Robotic Process Automation: Think Resilience

Robotic Process Automation: Think Resilience

I really wish that bots are intrinsically resilient, able to easily withstand difficult conditions and changes.

You can obviously build technical “internal” resilience within your bots by optimising your coding (or let’s better say over-engineering).

You can have the best developers, the most intuitive development consoles or the most innovative bot development standards...But the big problem with RPA is that the operating effectiveness of bots significantly depends on the stability of the target processes, data format and supporting systems/ applications.

If your bots are not resilient to these “external” changes, your RPA initiative will probably be a failure (as you will slowly but surely start spending a lot of time, effort and money recovering from bot failures rather than scaling). Building external resilience into your bots should simply be a key design principle, consistently followed and enforced.

A bot is deemed resilient if it is able to withstand or recover quickly from difficult conditions. So how can this be achieved?
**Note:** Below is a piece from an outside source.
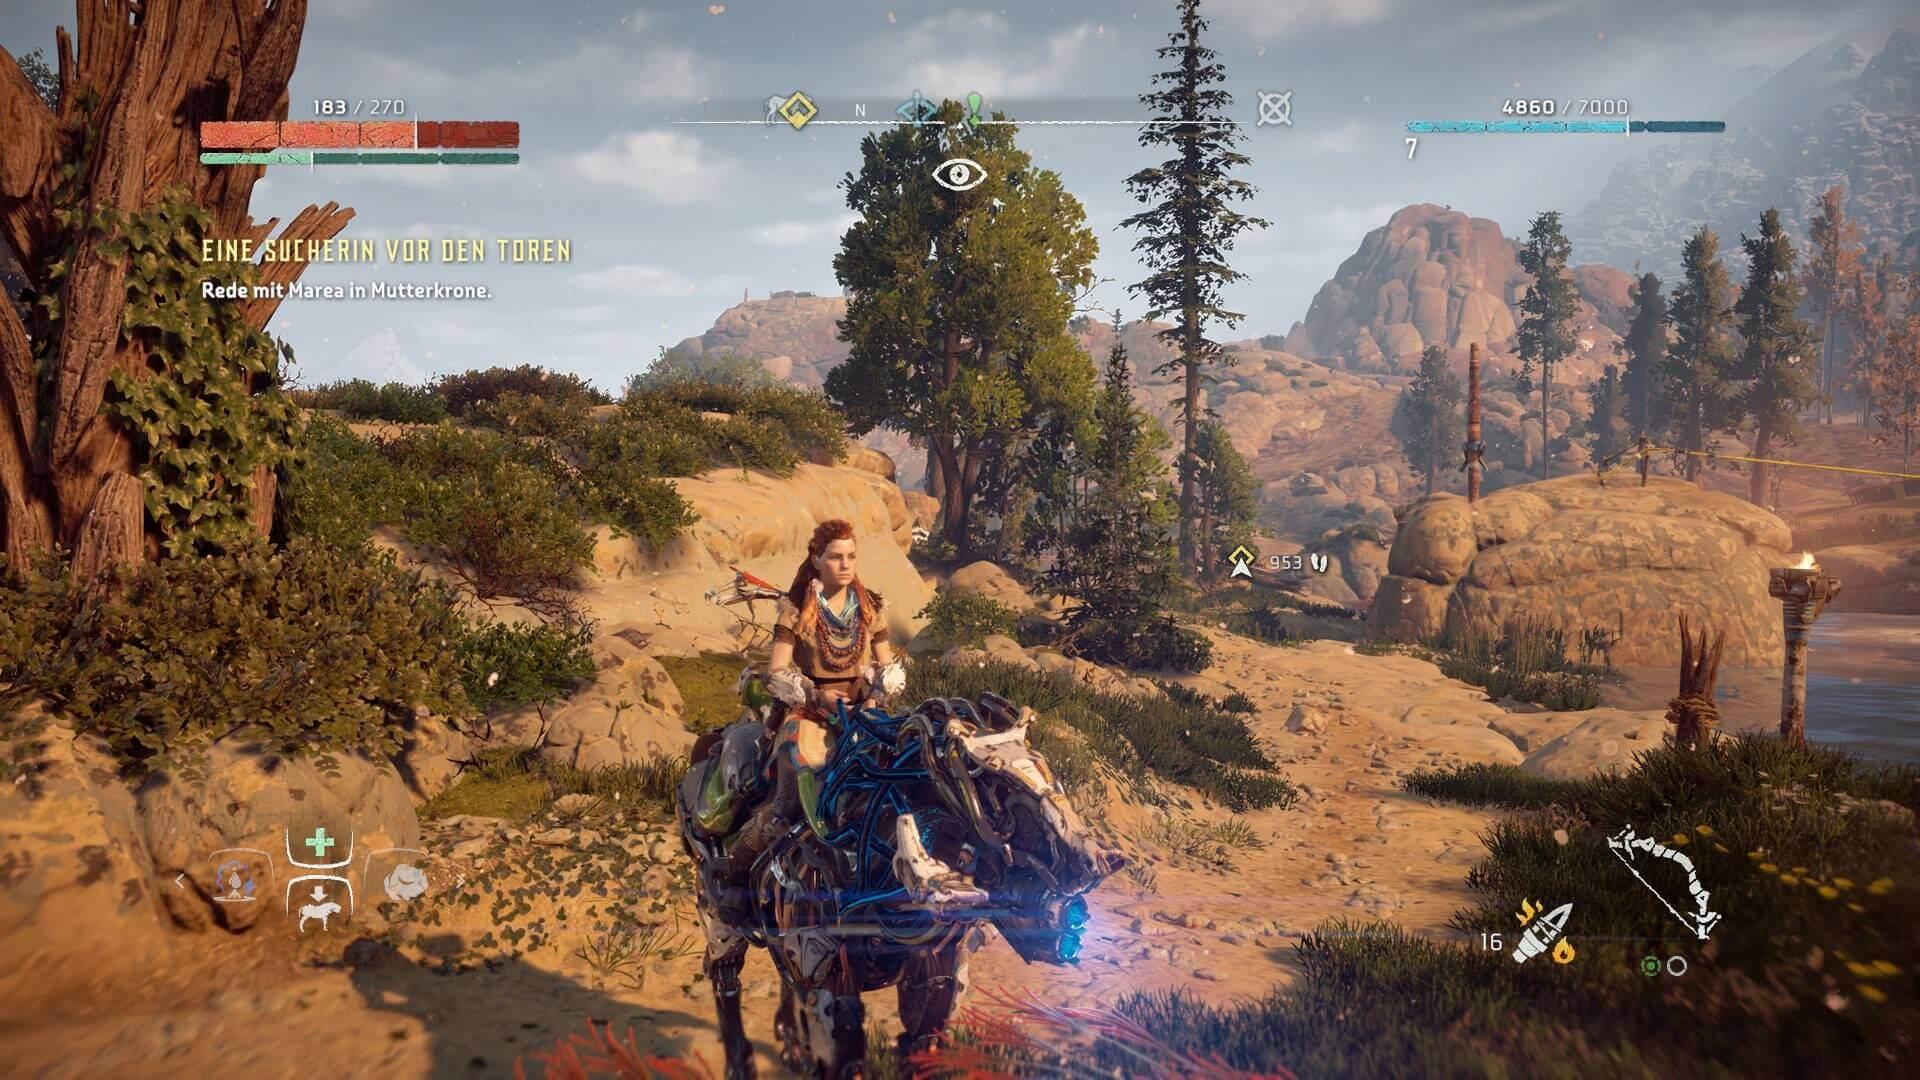 Das actionreichen Rollenspiel Horizon Zero Down gibt es nur für die PS4

There is definitely the usual “Agile” and “DevOps” aspects. Absolutely agree as long as it is done properly. Agile and DevOps mindsets (and delivery methods) help address a key imperative of RPA effectiveness: speed of deployment of bot re-calibration activities, which is critical for fast recovery.
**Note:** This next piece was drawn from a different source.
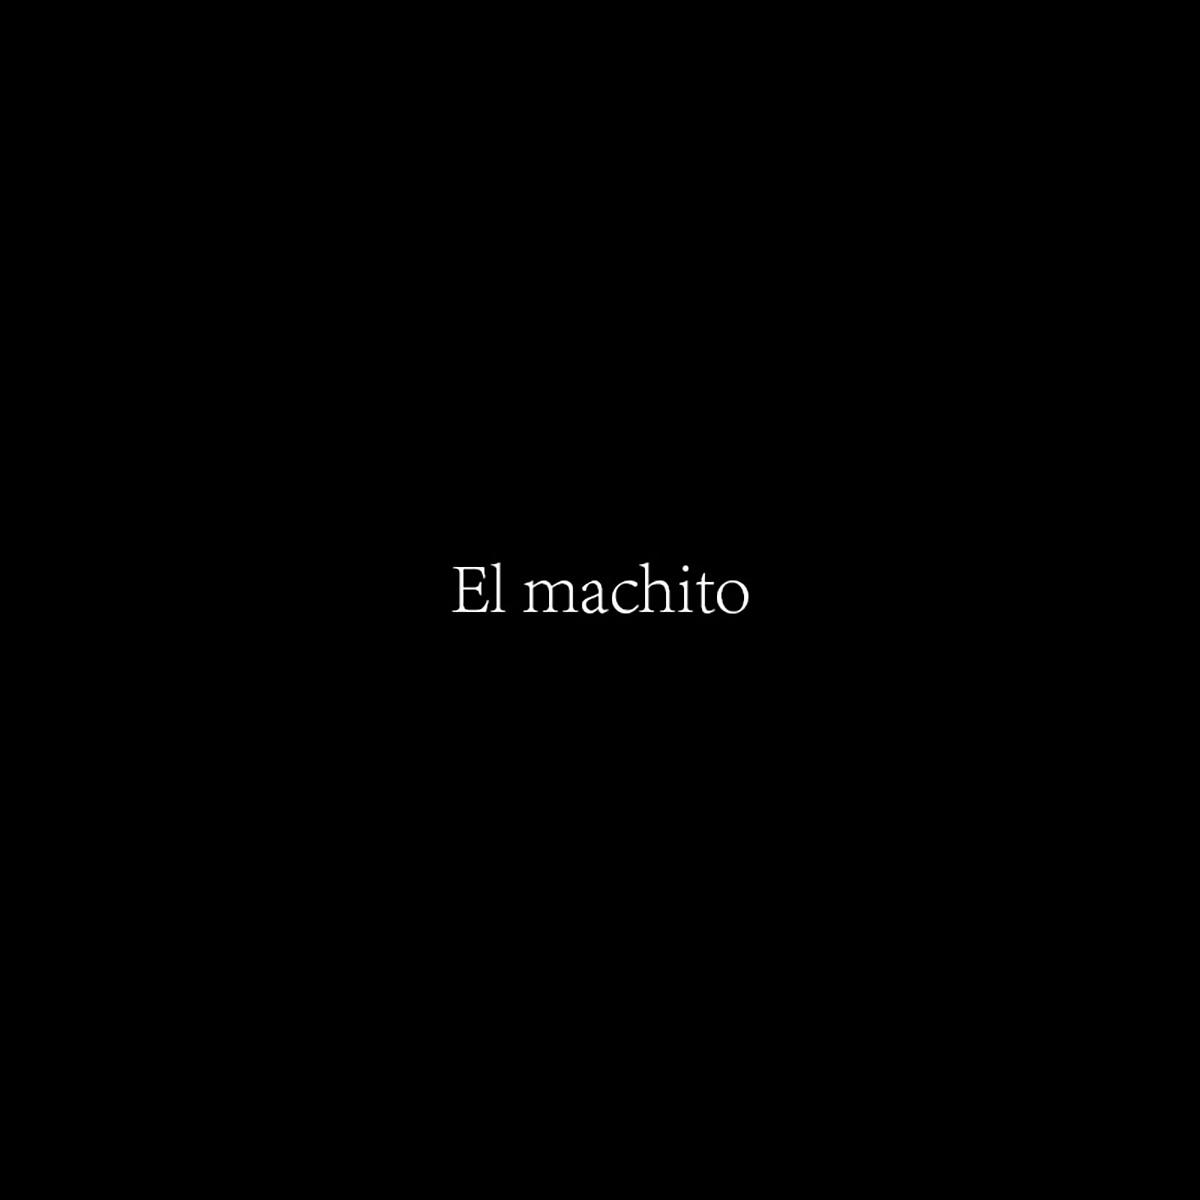 El machito – Daniel René Verdugo Ríos

The goal and benefits (and pitfalls) of applying Agile and DevOps to RPA have been addressed in multiple articles so I will not expand on this.

The purpose of this post is to focus on 2 other key aspects.

1. Deployment of a continuous monitoring system that is an integral part of your RPA environment

The goal here is to detect changes to the external context in order to re-calibrate your bots as quickly as possible. The context in RPA refers to processes and systems.

Changes to the context should be continuously monitored in order to detect adverse events that could potentially impact the operating effectiveness of your bots. The aim here is to quickly apply the necessary corrective actions to your bots in order to avoid significant disruption. Speed of reaction is key so you need to ensure that your bot monitoring hubs are reactive and close enough to the relevant bot development factories/ teams.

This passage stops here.